From an article that I wrote:
Here is my story: When I studied for my PMP exam I knew them by heart. I could tell you exactly which ITTO is used in which process. But I took my exam years ago. Since then the PMP exam has become more experience-based using situational questions over knowledge-based questions.
Therefore a change in approach is needed.
It is still important to have a general understanding about which ITTO is used in which process, but you do not need to be able to recite them by heart. It is much more important to understand the concept of "Why is this ITTO used in this process?" Your knowledge about WHY an ITTO is used in a process will definitely help you to arrive at the right answer.
Additionally, this new approach is much more helpful for you as a project manager in the long run.

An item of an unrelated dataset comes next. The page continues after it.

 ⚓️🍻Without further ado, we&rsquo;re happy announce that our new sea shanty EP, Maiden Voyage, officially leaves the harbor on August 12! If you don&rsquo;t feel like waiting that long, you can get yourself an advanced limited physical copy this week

Frankly speaking, who cares whether an ITTO is part of a particular process or not after you have passed the PMP exam? If you need to know, you can just look it up! But knowing what they are, why you need them and how to apply them successfully on your projects greatly enhances your project management skills. It goes a long way in making you an exceptional project manager.

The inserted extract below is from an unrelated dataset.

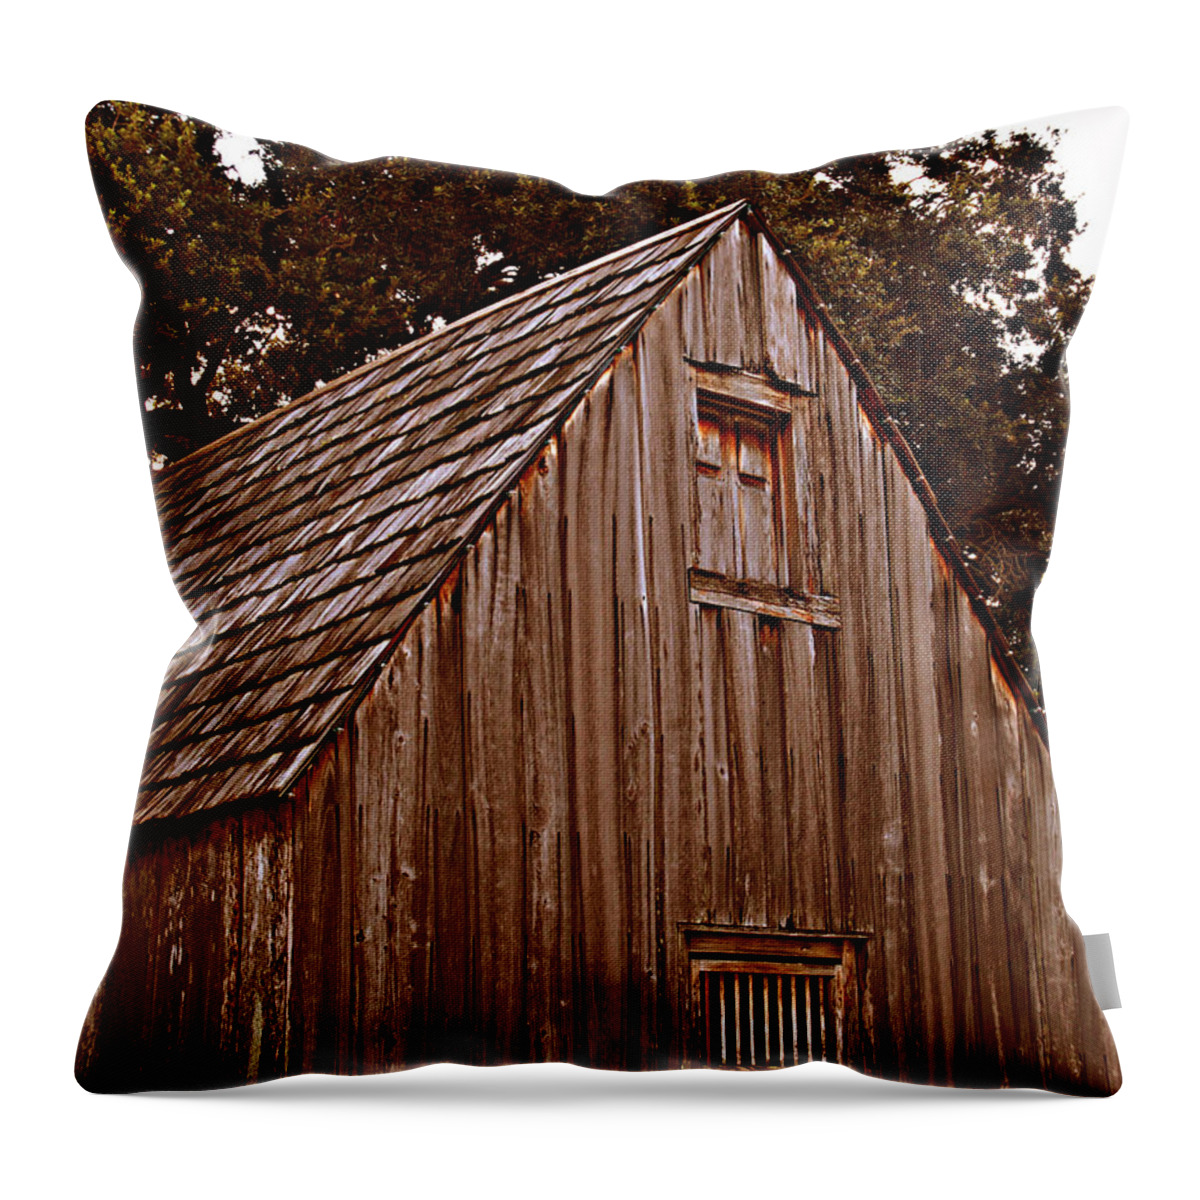 Florida Throw Pillow featuring the photograph This Old House by Bob Johnson

As you are studying the ITTOs for your PMP Exam, keep the following concepts in mind
First of all, Inputs and Outputs are always “things”, like a project management plan, a measurement, a result, an update to a plan, a document or a deliverable. You can touch Inputs and Outputs.
Second, it is very common that an Output from one process becomes an Input to another process. Focus your studies on understanding how these items flow through the many processes in the PMBOK® Guide in order to produce our project deliverables. Use the many charts that the Guide provides to see this graphically.
Third, Tools & Techniques very often have some form of “action” attached to them, like a meeting, a methodology, a technique, a form that you must fill in, or a matrix that you create.
And lastly, don’t forget to read the complete PMBOK® Guide glossary. Study and understand the definitions of the roughly 350 terms that you find here. Again, you are not doing this for memorization sake, but instead you want to learn “the language” of the PMP exam. Often we use project management terms loosely and interchangeably in our day to day work. But for the exam we have to know exactly what each term means.
Reading the glossary ensures that you know the correct definitions, and, as a bonus, the glossary indicates for each term if it is an input/output, tool or technique.
So move beyond a third-graders approach of fact memorization. Instead, study the big picture, the data flows and how the ITTOs are the glue between the processes.